We all know that medical errors happen - and most of us have read that electronic medical records will help address that.
But electronic record-keeping doesn't remove the human factor. A study published in the Archives of Internal Medicine has found that electronically alerting doctors of suspicious test results doesn't mean doctors will: a) open the electronically delivered alert; or b) act on it if they do.
The study, by Dr. Hardeep Singh of the Veterans Affairs Medical Center in Houston and co-workers, was conducted in a Veterans Affairs outpatient facility from November 2007 to June 2008. The VA has a fairly sophisticated electronic medical records system.
Under the system, when an imaging exam is abnormal and needs follow-up, an "alert" window comes up on the doctor's computer screen. It stays there for two weeks.
During the study, there were 123,638 images made. They prompted 1,196 alerts indicating something was potentially abnormal.
Of the alerts, 217 (18.1 percent) were unopened after two weeks. And of the 1,196 alerts, 92 (7.7 percent) did not receive timely follow-up, such as a call to a patient or additional tests.
But in cases when a radiologist talked to a physician about a test, follow-up was more likely.
(This may have been partly because of those results being more serious than other abnormal tests, the authors said.)
The study does not compare this electronic system with paperwork and word of mouth: There aren't good comparative data, the authors note. But the study does make suggestions:
1) Something must be done about the information overload doctors experience. If you're peppered with alerts from all sides, you're more likely to ignore or miss some.

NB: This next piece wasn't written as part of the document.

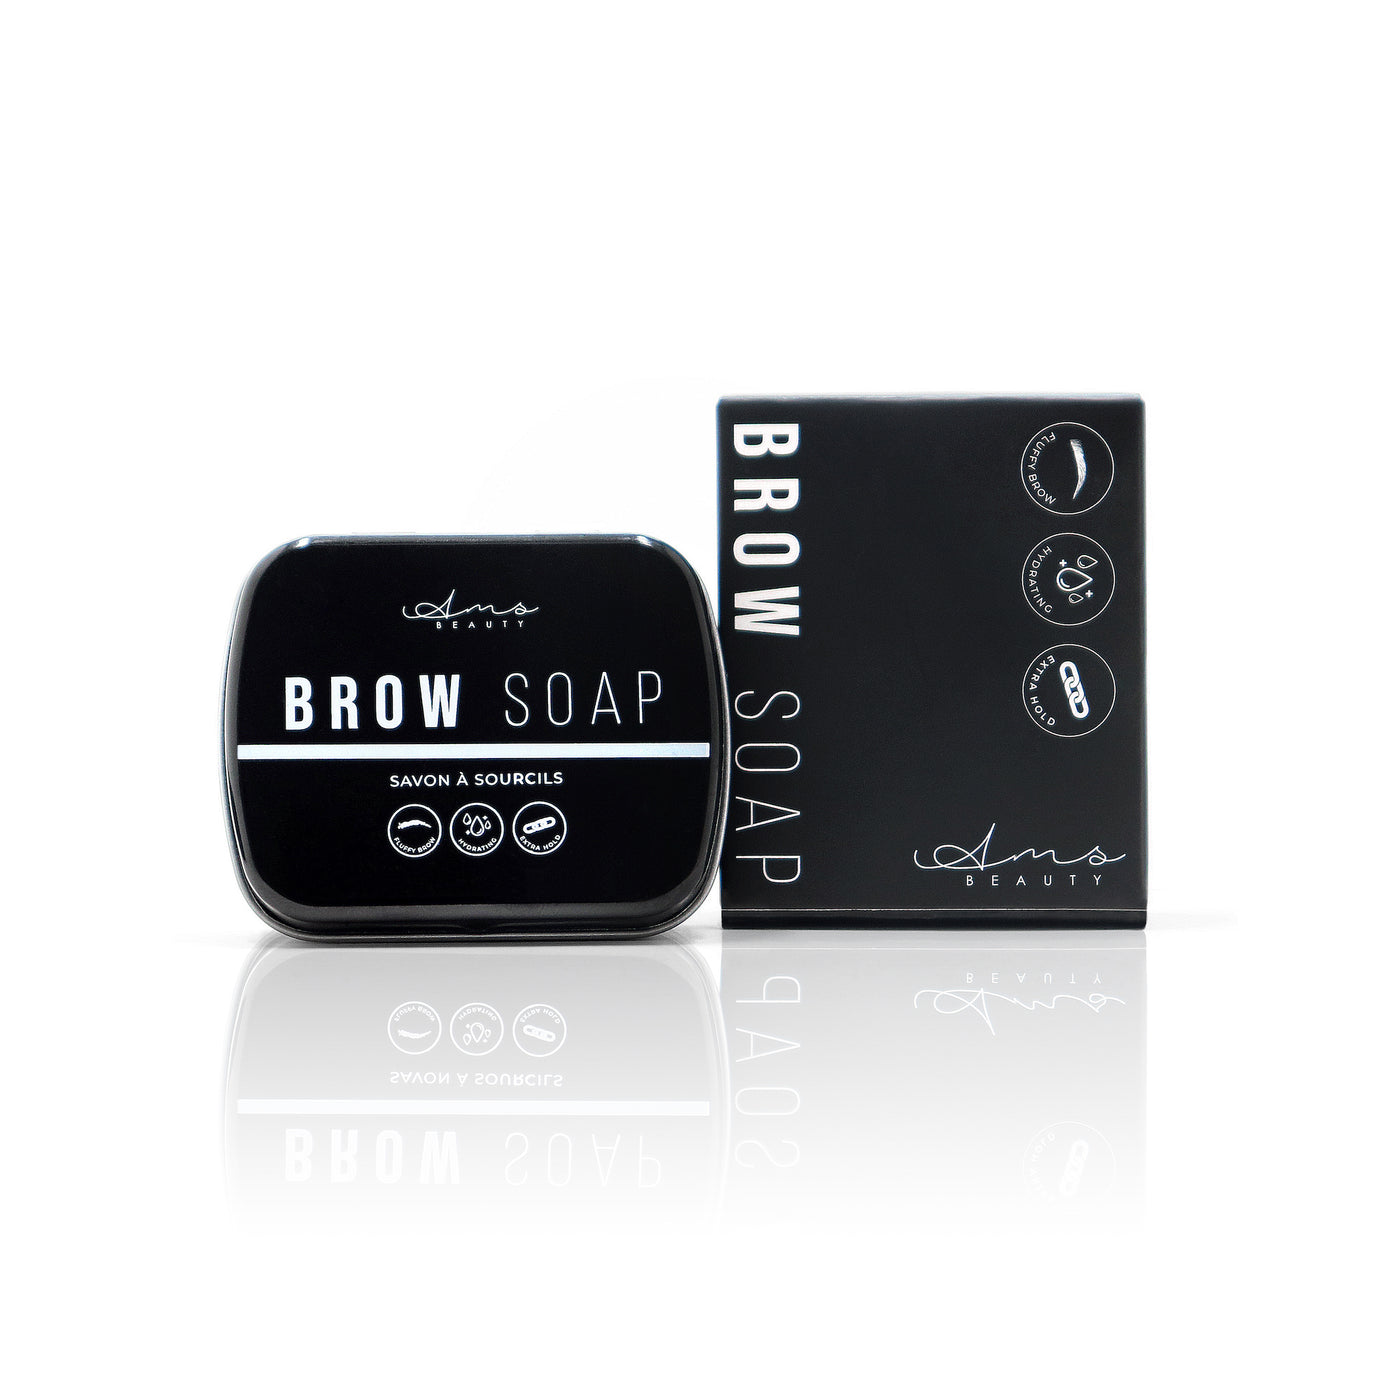 BROW SOAP - Savon à sourcils-AMSBEAUTY

2) If more than one doctor is notified, there must be a clear understanding who is the responsible party for taking the next step.
3) Alerts that haven't been opened should remain on doctors' screens for longer, the study says, "perhaps even indefinitely, and should require the health care provider's signature and statement of action before they are allowed to drop off from the screen."
4) The technology should do more than track whether doctors have opened alerts. They should track whether follow-up action was taken.